Today we had my Post-Op appointment. We got to talk to Dr. B about how the surgery went and what he found as well as talk about what’s next. Dr. B said that my endo is the worse case scenario. He said it is covering not just my uterus, but ovaries, bladder, gallbladder, and anything else it can cling on to. It was surreal seeing the pictures of it everywhere. He also said that since my septum was so large that it really made the endo much worse. And that I do in fact have PCOS.

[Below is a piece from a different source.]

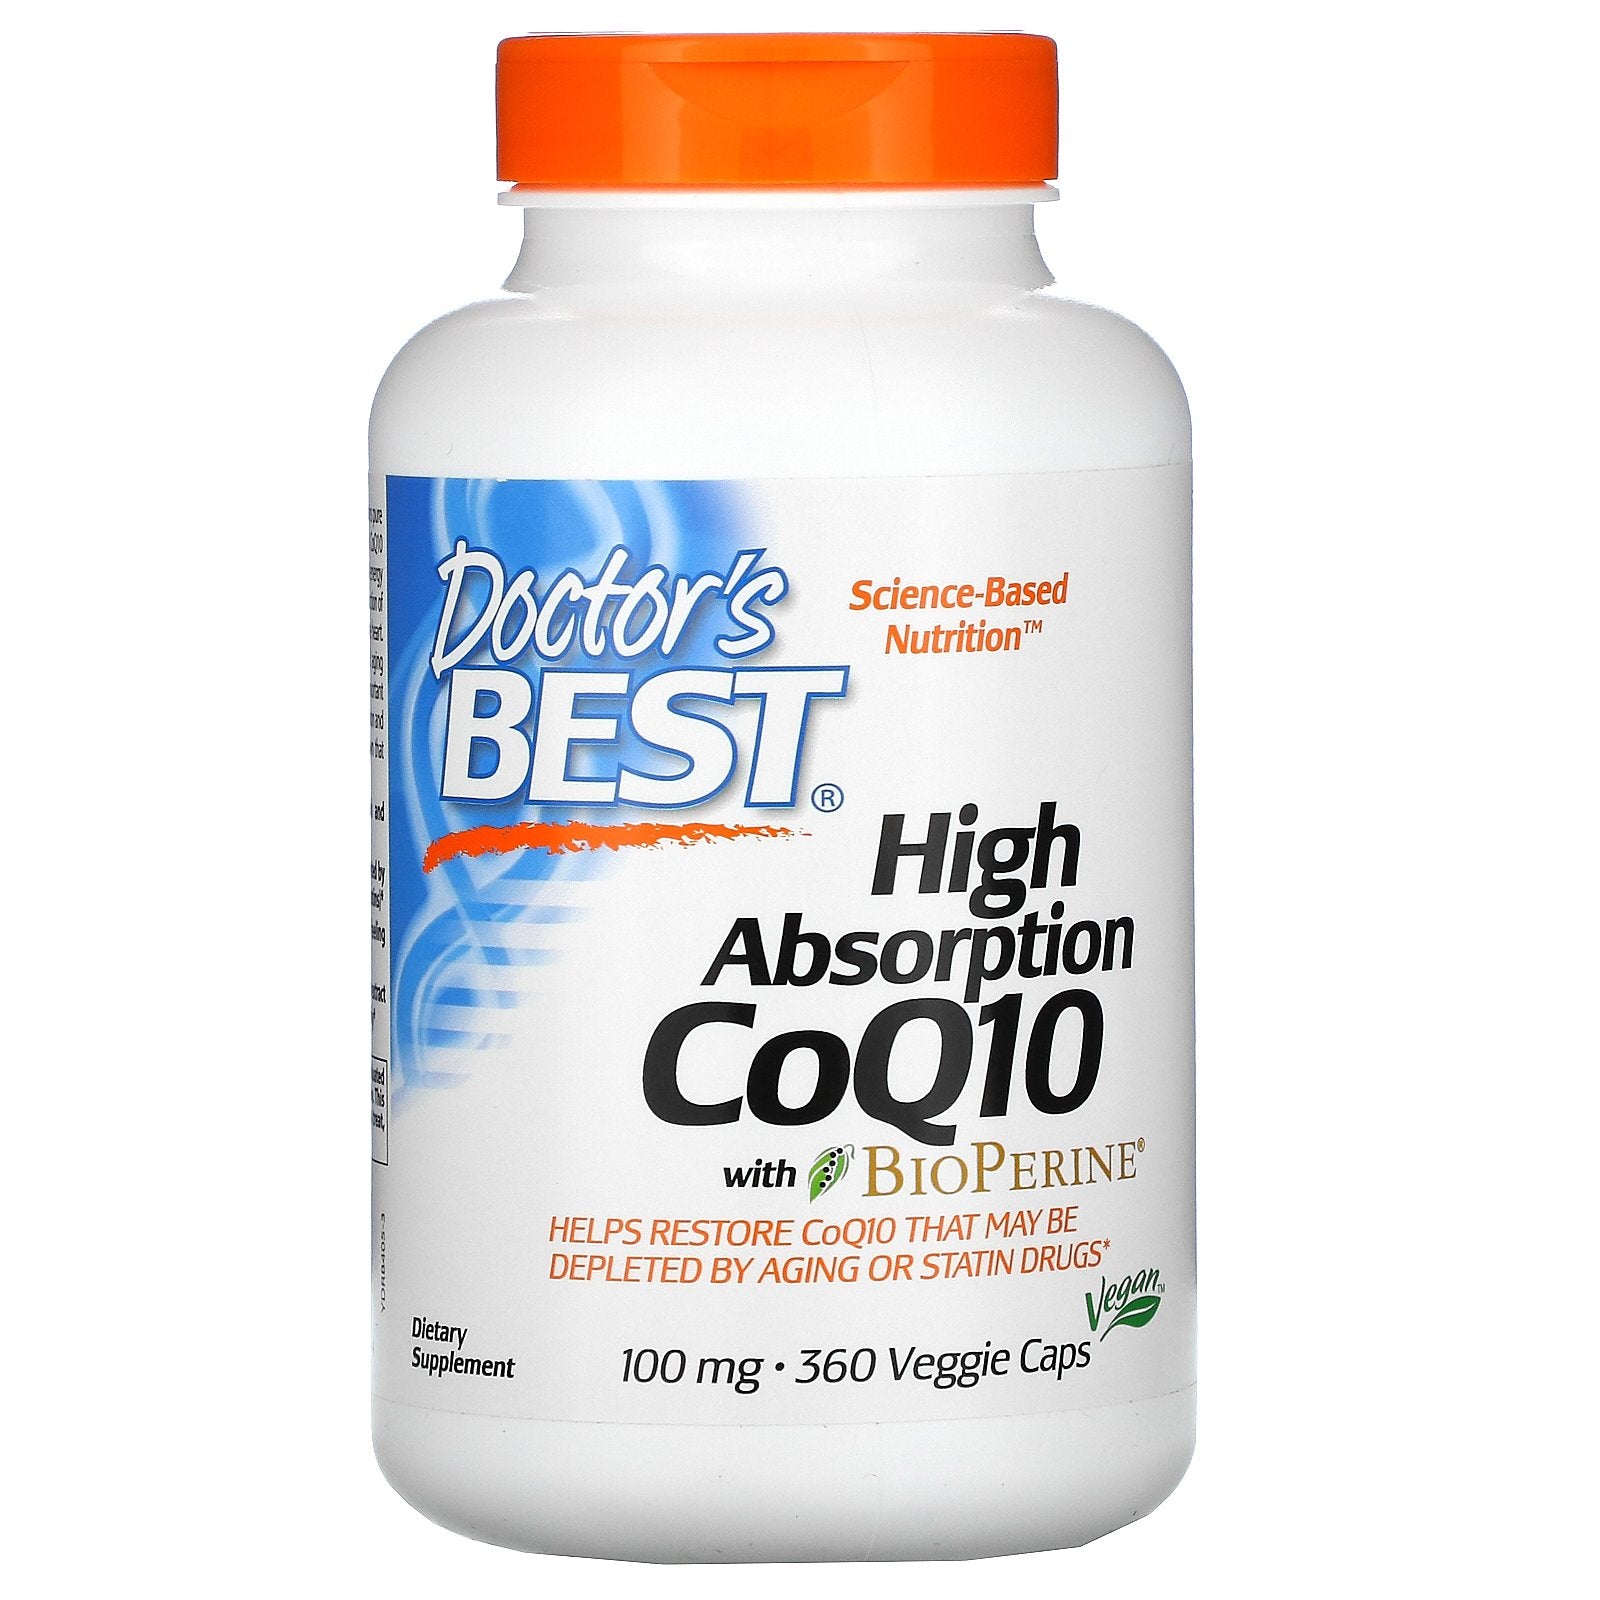 Doctor's Best, High Absorption CoQ10 with BioPerine, 100 mg, 360 Veggie Caps
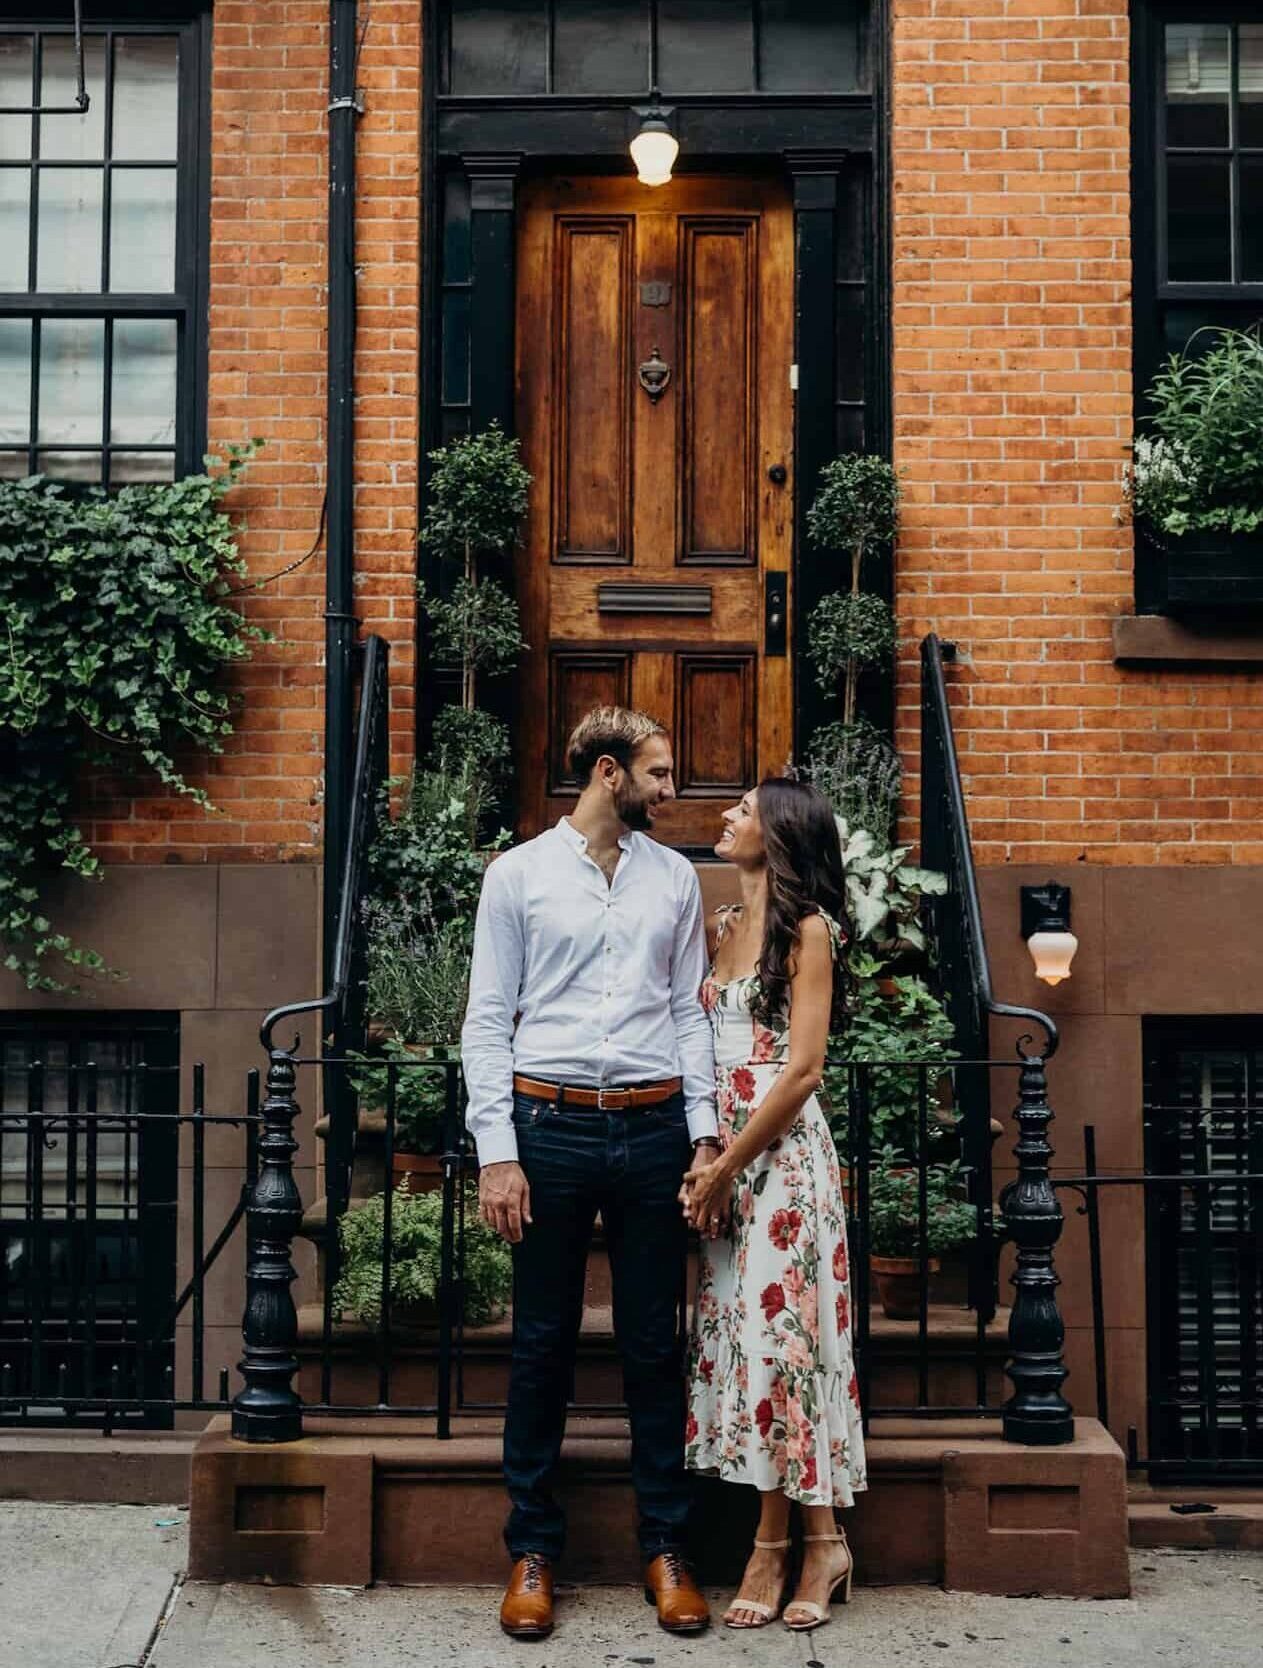 Young man and young woman look at each other lovingly in front of city home.

So it looks like my next steps are to start taking metformin which will help get rid of the cysts on my ovaries for the PCOS. Metformin decreases the level of androgen’s produced by the ovaries and adrenal glands and helps the body use insulin. I’m starting that medicine tonight. Next Wednesday I am going to start getting a Lupron Shot, every 4 weeks for the next 6 months. Lupron is a hormonal treatment that shuts down the pituitary gland and reduces the amount of estrogen in a woman’s system. Since endometriosis feeds off of estrogen the medicine should help to shrink any growth. I always teased my mom saying she was going through menopause (which she wasn’t) and it looks like I will actually be experiencing parts of it before her! I guess serves me right! 🙂
So after taking the shots for 6 months I will be put back on birth control to help jump start my cycles again. During that time I will be getting an X Rays to see if my uterus healed properly, see if my tubes opened up and to make sure I don’t have too much scar tissue. If they open up Gannon and I can start trying to get pregnant naturally. If they do not then we will start to explore Invitro. Our prayers for now will be that I don’t have any major side effects from the metformin or Lupron and that it will help decrease my endo without any scar tissues as well as open up my tubes.
I am just thankful that we do have the technology to allow me to even be on a road towards future babies. It is terrifying to think that if this happened probably 50 years ago I just wouldn’t be able to have children. So for now, I am going to continue to trust in God and know that he is in control. I will take each day as they come and continue to see the best in each situation. It’s hard to think that our time line is at least 9 months away from even being able to start trying again. But Gannon and I have already put 9 months of our hearts into trying without any results so now we know we are finally on the upward slope to the possibility of children. For now I am going to enjoy my husband while I have him all to myself and try and check some more things off our bucket list! And maybe I can convince him we need to squeeze another trip in 🙂 Thanks again for everyone involved in our journey to parenthood. We really couldn’t do this without all the prayers and support from you all!
These are just some encouraging bible verses that helped me today and I wanted to share!
Psalm 50:15 “Pray to me in time of trouble. I will rescue you, and you will honor me.”
Isaiah 41:10 “So do not fear, for I am with you; do not be dismayed, for I am your God. I will strengthen you and help you; I will uphold you with my righteous right hand.”
Psalm 16:18 “I have set the LORD always before me. Because he is at my right hand, I will not be shaken.”
Finally, I wanted to take a moment to brag about this guy! I am so thankful for his unconditional love and support! He has been there for me every step of the way and I am just so so grateful! He really is the best!